* EXERCISE BRIEF: Only the pictures should be left out; repeat the rest of the data exactly.

* INPUT DATA:
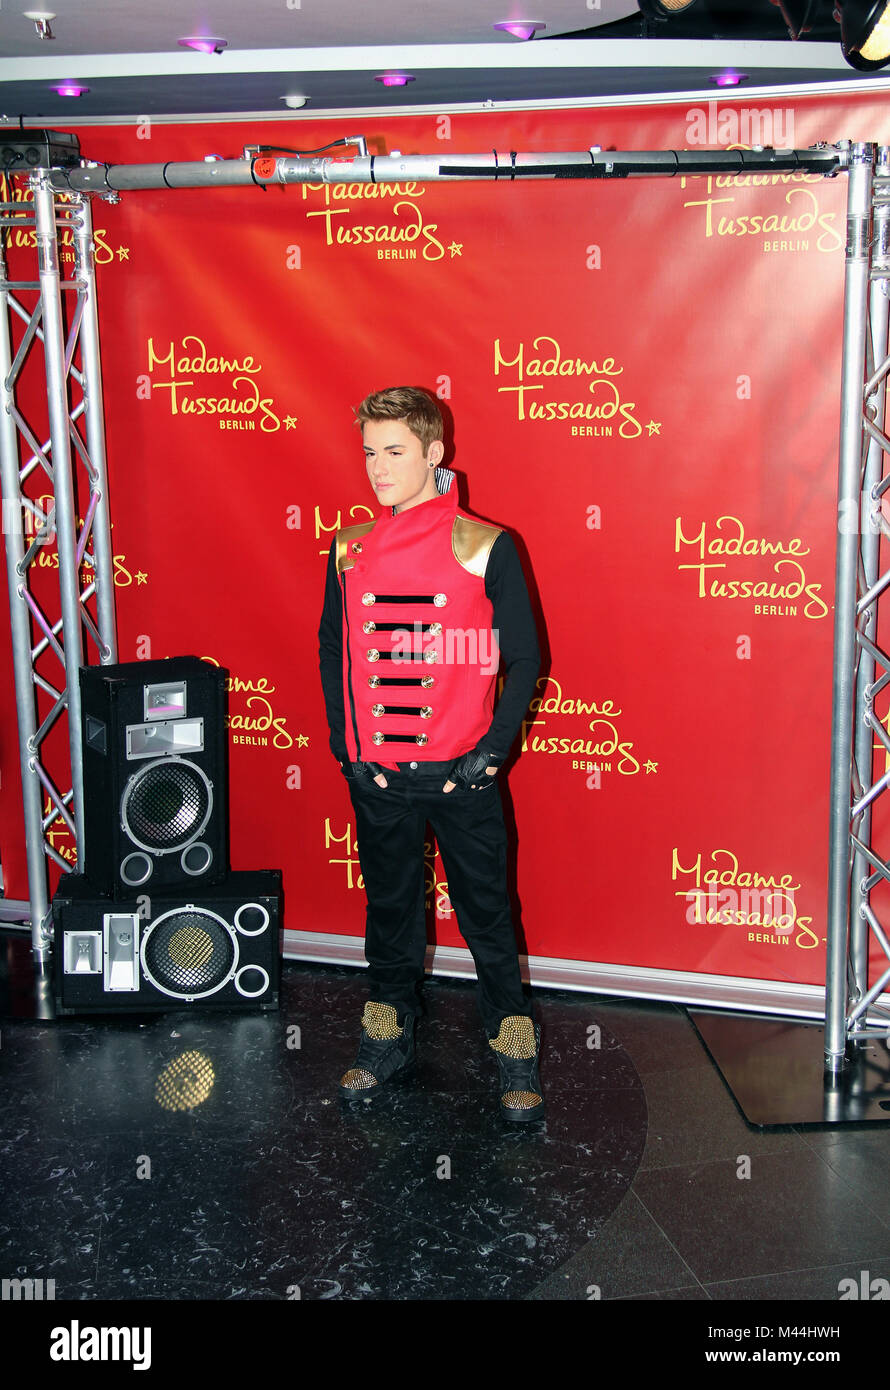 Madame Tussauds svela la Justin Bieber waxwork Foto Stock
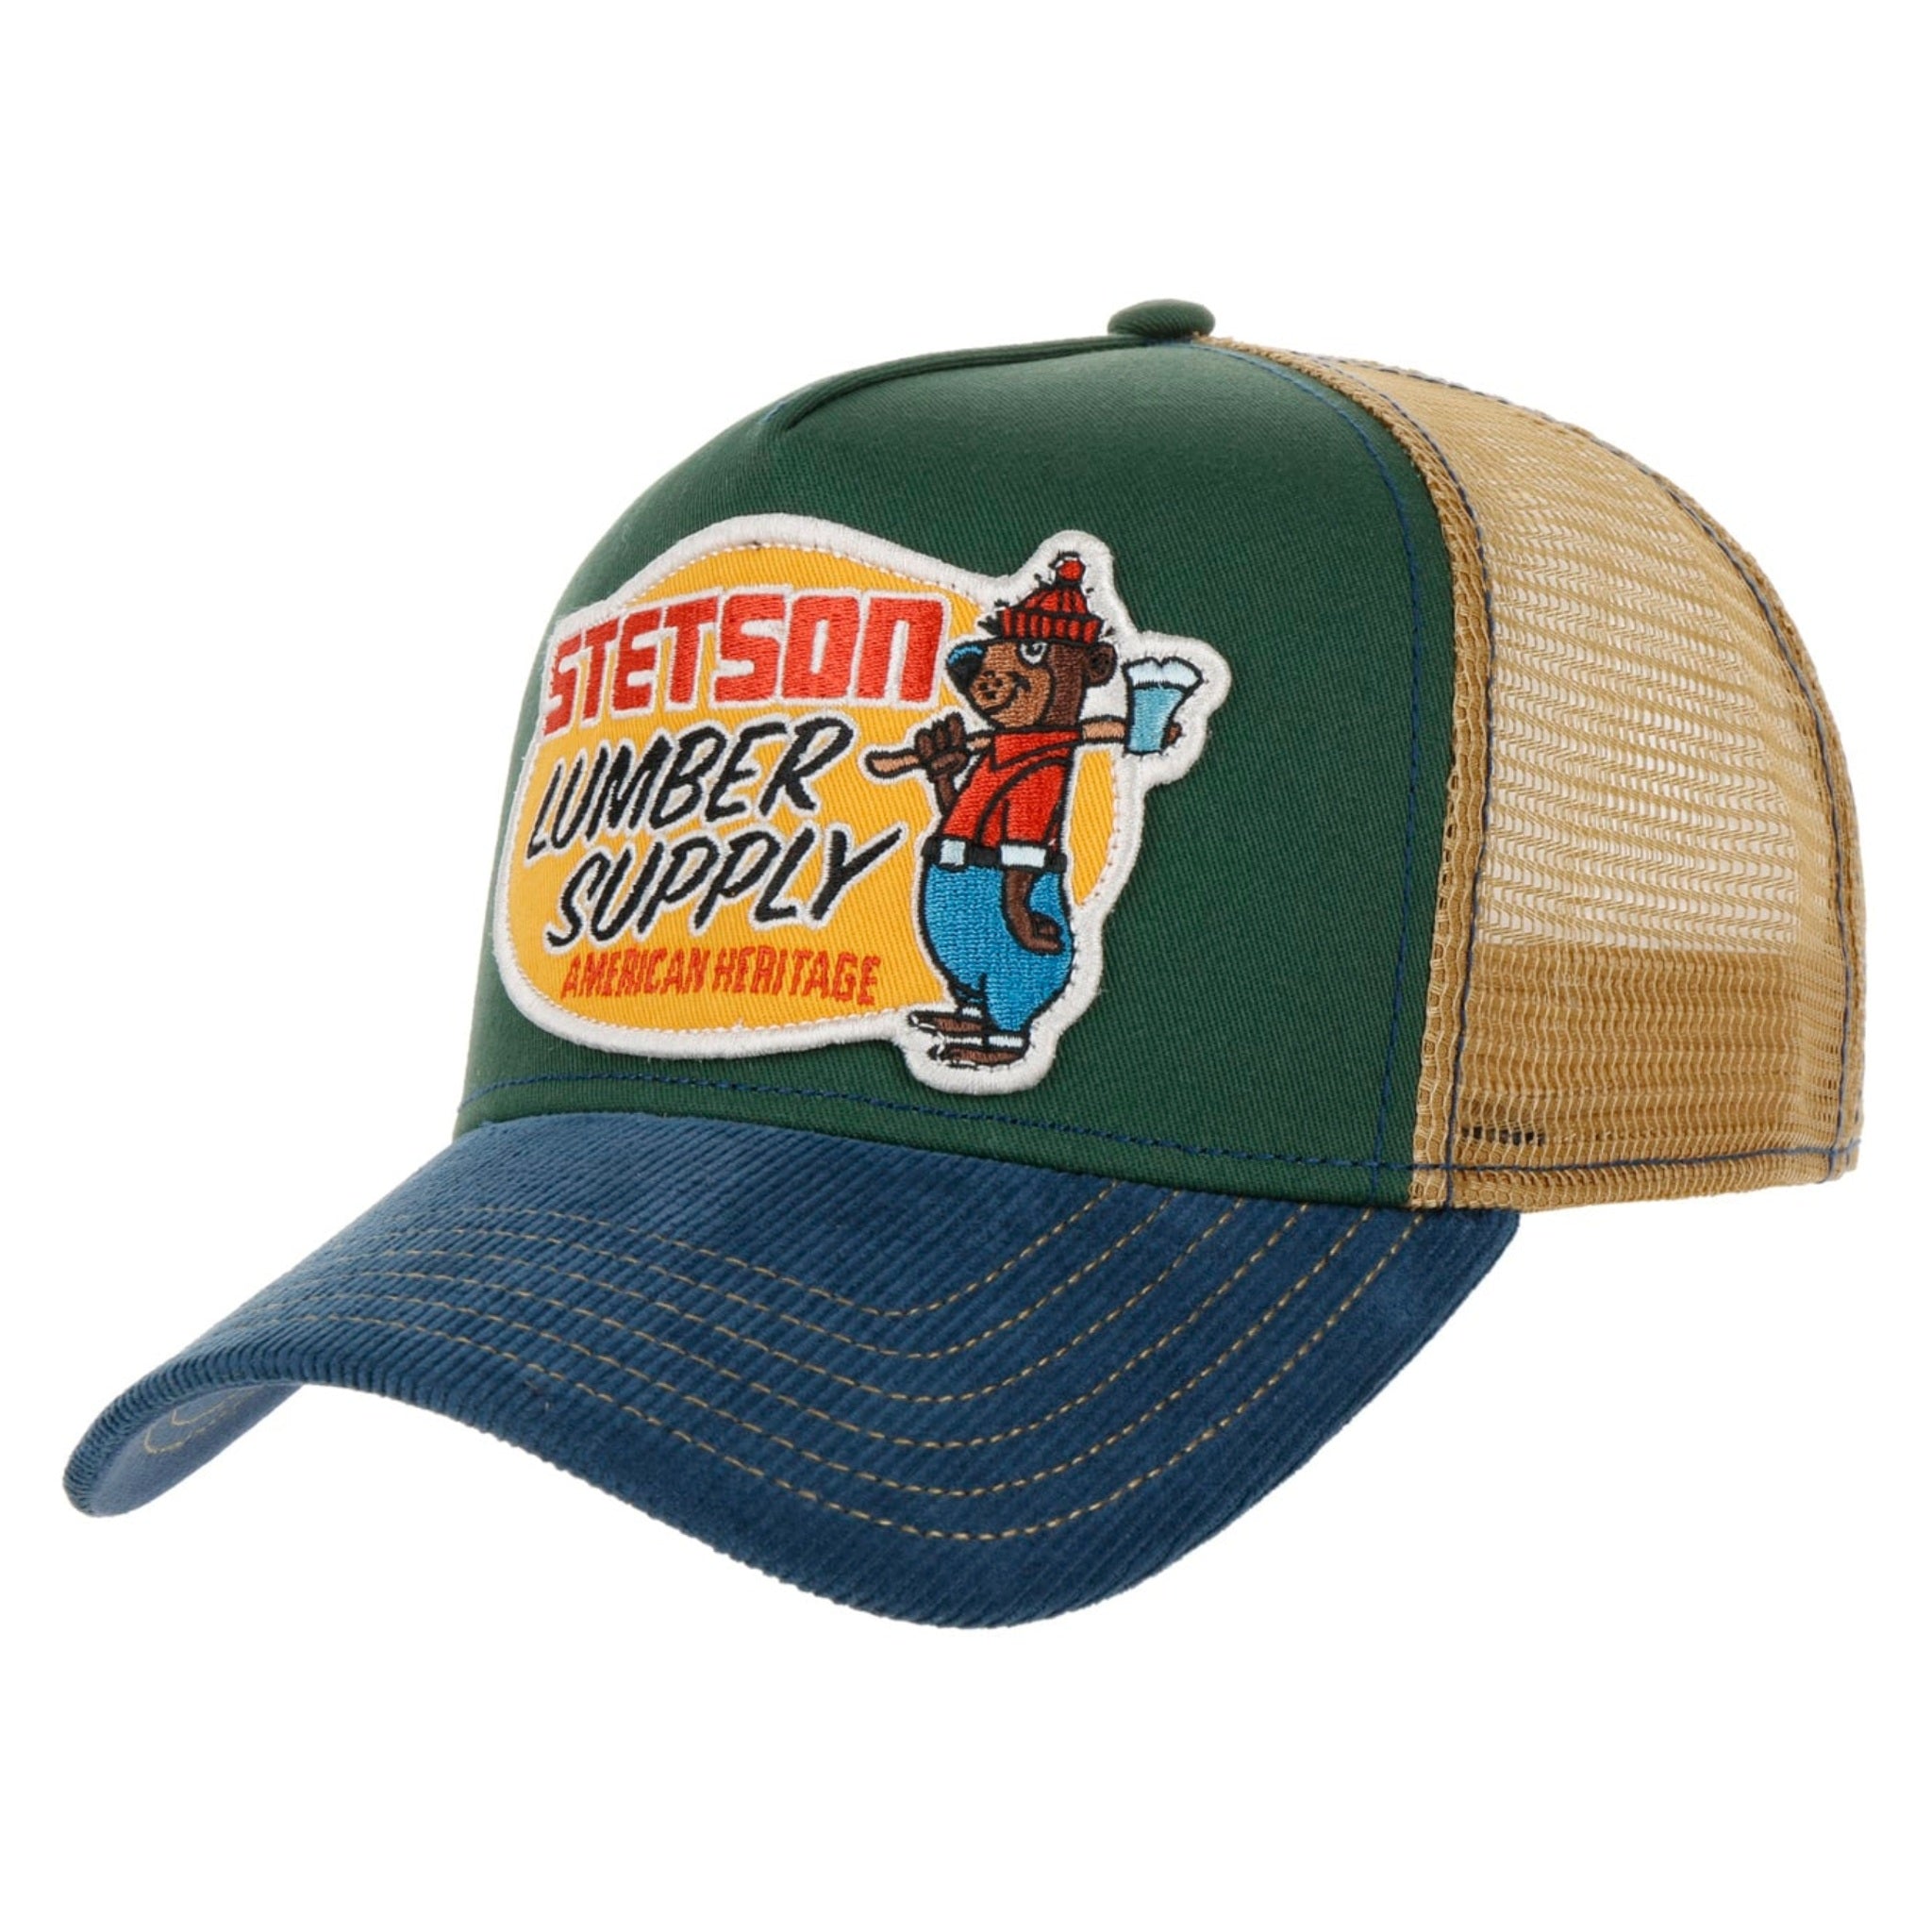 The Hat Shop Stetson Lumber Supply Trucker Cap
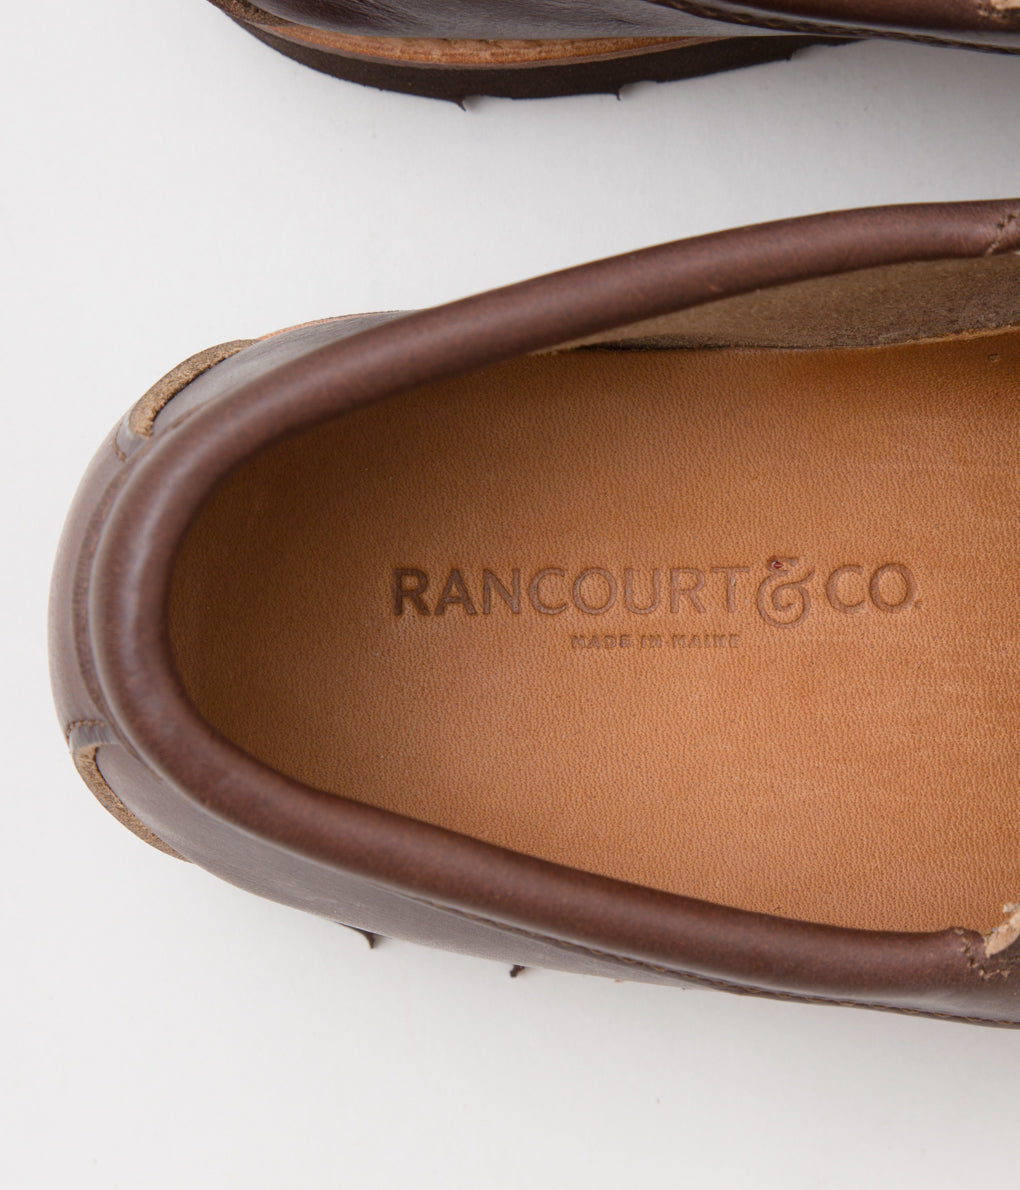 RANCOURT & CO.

* TASK ANSWER:
 Madame Tussauds svela la Justin Bieber waxwork Foto Stock
 The Hat Shop Stetson Lumber Supply Trucker Cap
 RANCOURT & CO.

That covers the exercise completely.